Staff Software Engineer, Docker Agents (London)

At Docker, we make app development easier so developers can focus on what matters. Our remote-first team spans the globe, united by a passion for innovation and great developer experiences. With over 20 million monthly users and 20 billion image pulls, Docker is the #1 tool for building, sharing, and running apps—trusted by startups and Fortune 100s alike. We’re growing fast and just getting started. Come join us for a whale of a ride!

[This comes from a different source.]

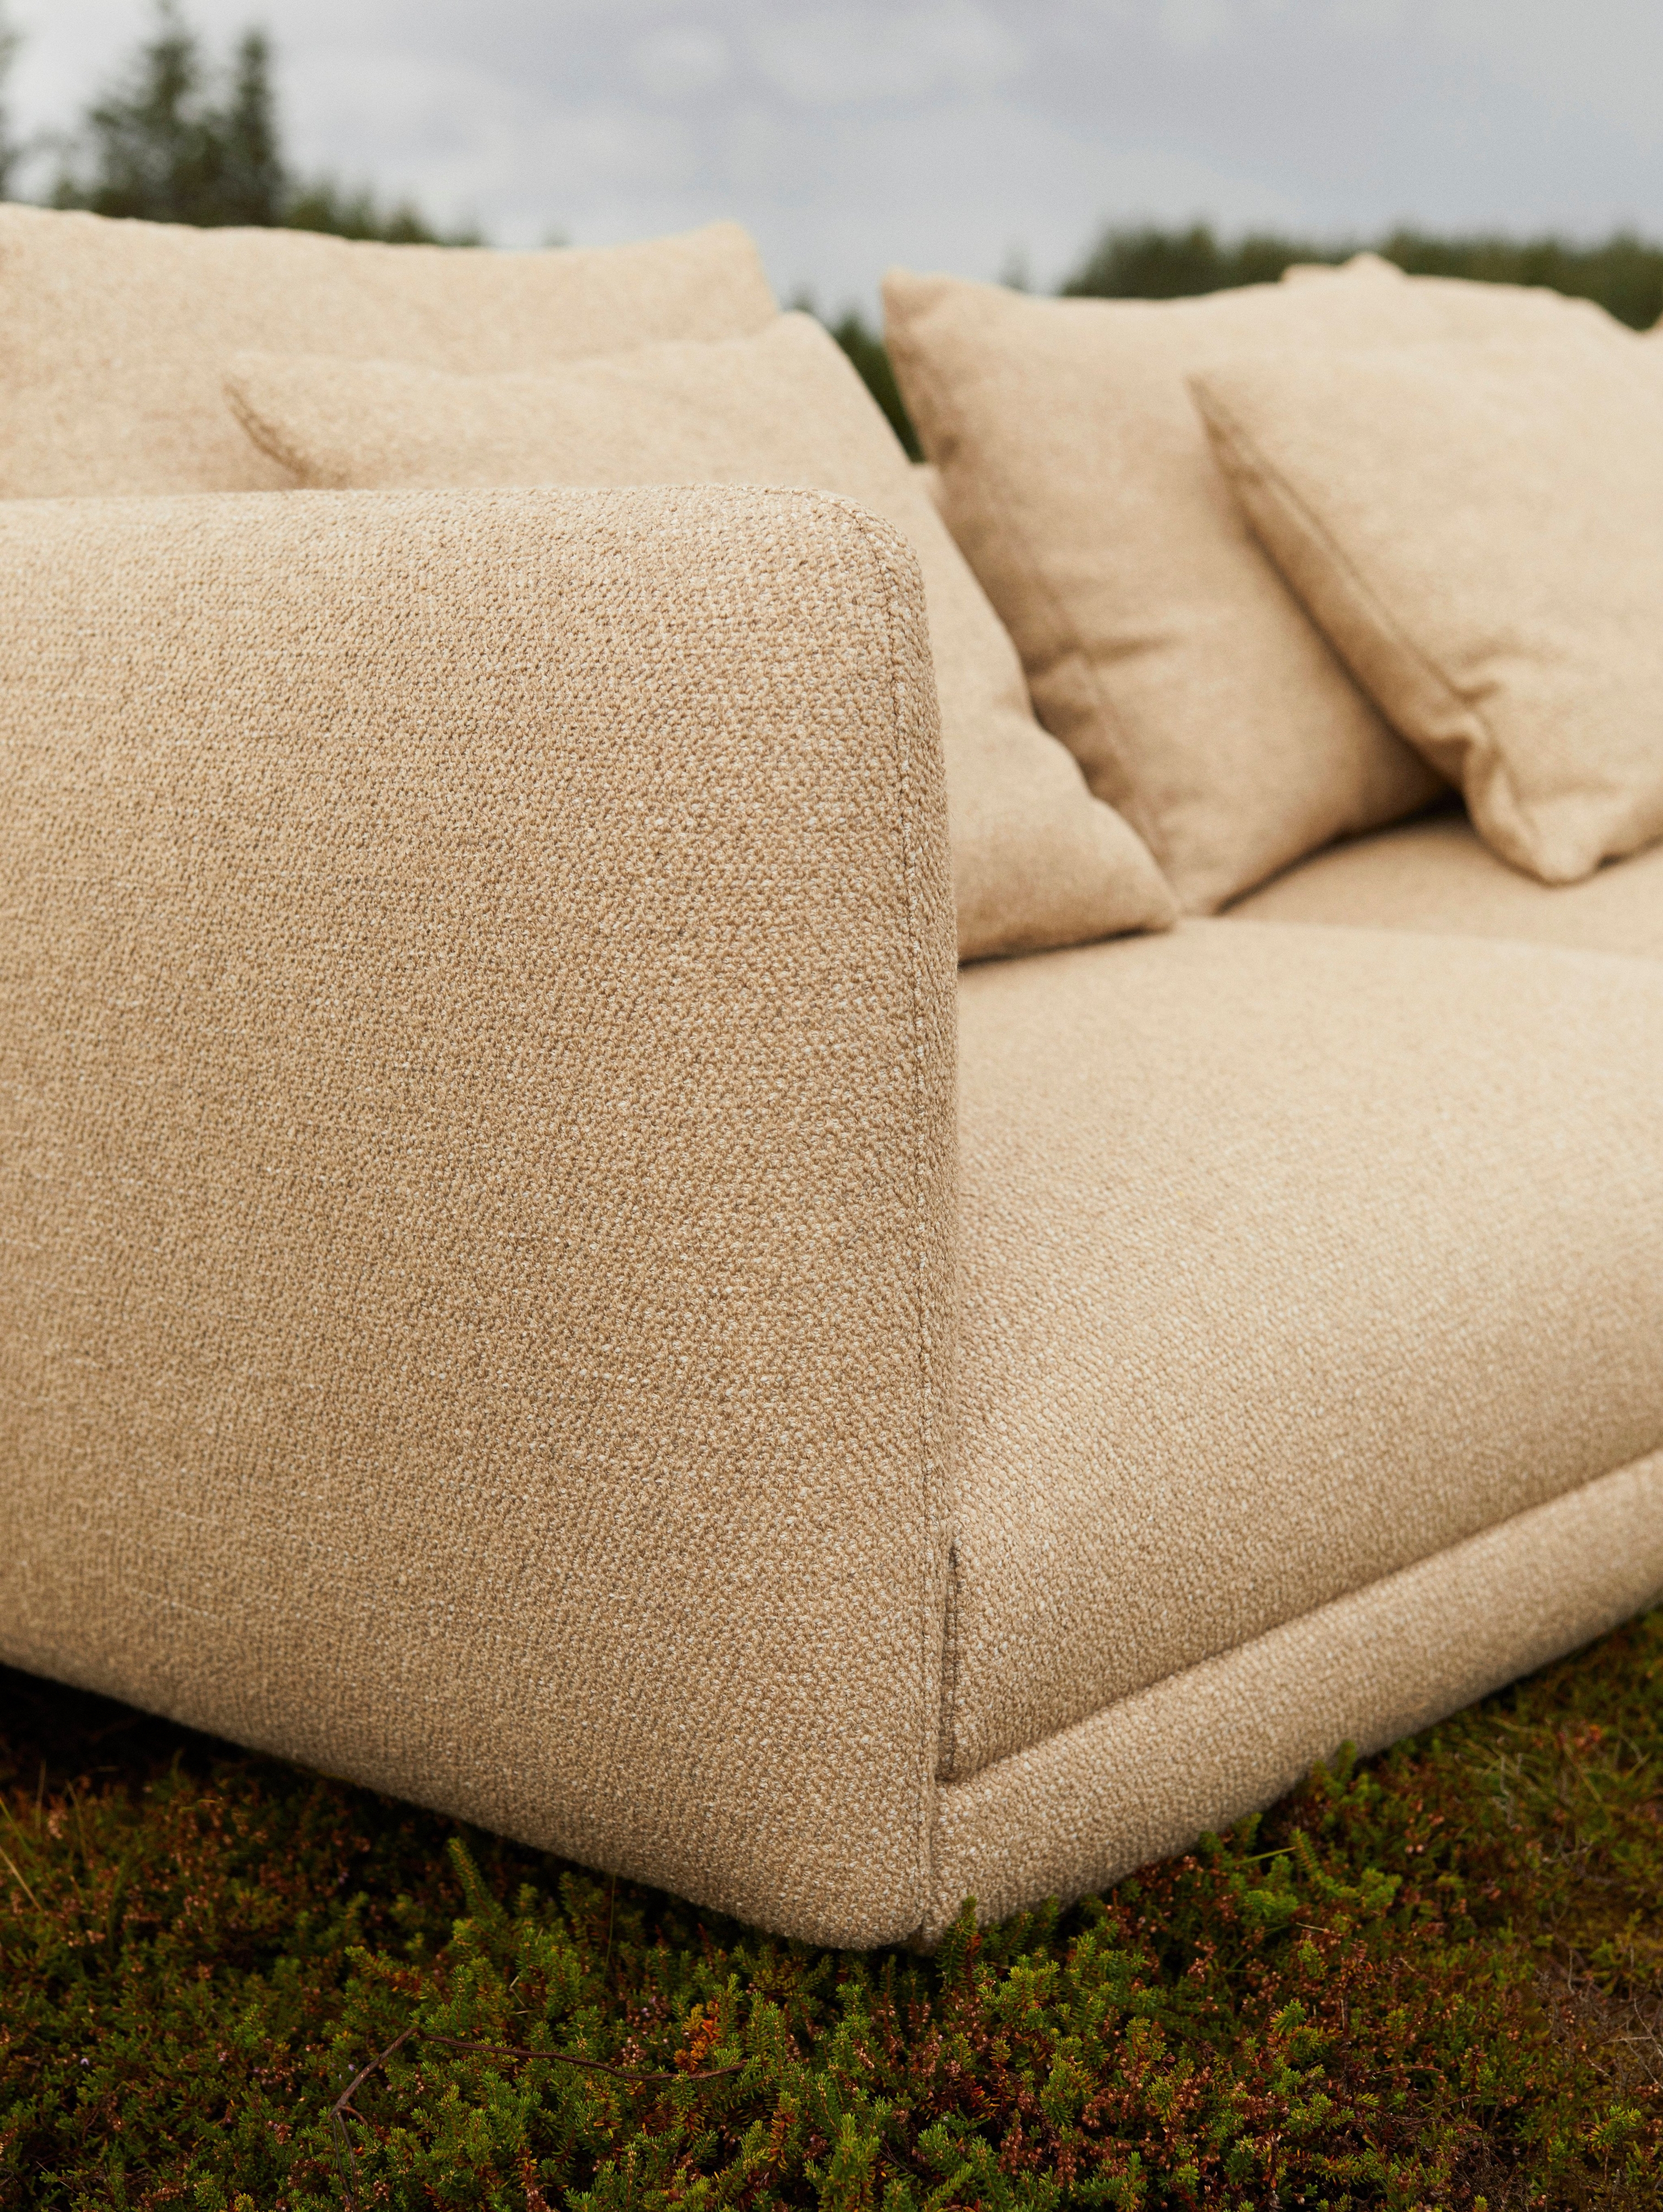 A sun-drenched outdoors featuring the Salamanca sofa.

Join Docker's AI engineering team to build the future of containerized AI agents. Docker containers are the perfect vehicle to host and run AI agents - providing isolation, portability, and reproducibility.

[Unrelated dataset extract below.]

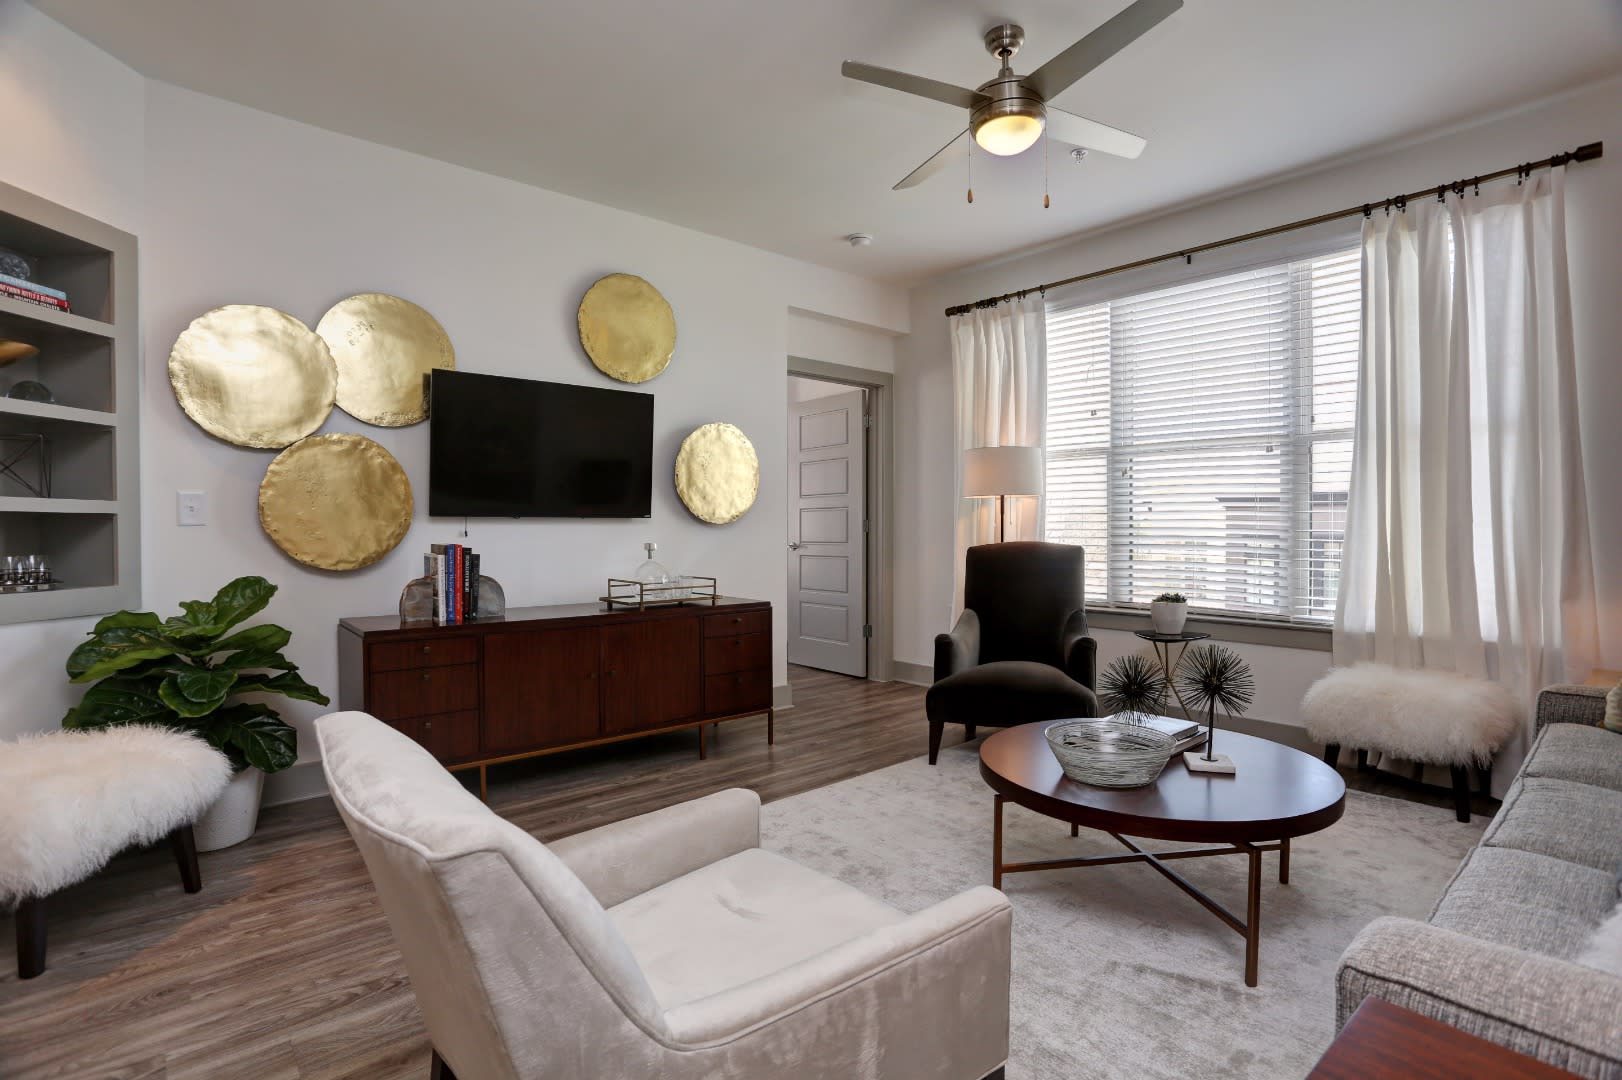 Apartments Near The Cottage -The Haven at Avalon - Spacious Furnished Living Room with Wood Grain Plank Flooring, a Ceiling Fan, and a Wide Window.

You'll be working on cagent, our open-source project (https://github.com/docker/cagent), and expanding on it to enable developers to build, deploy, and scale intelligent agents using Docker's container technology.

This is a greenfield opportunity to shape how developers leverage containers for AI agents at massive scale. You'll work alongside a team of seasoned engineers, collaborating with our sister teams working on Ask Gordon and Docker's broader AI platform. This is a unique opportunity to combine cutting-edge AI techniques with container technology to solve real-world developer problems.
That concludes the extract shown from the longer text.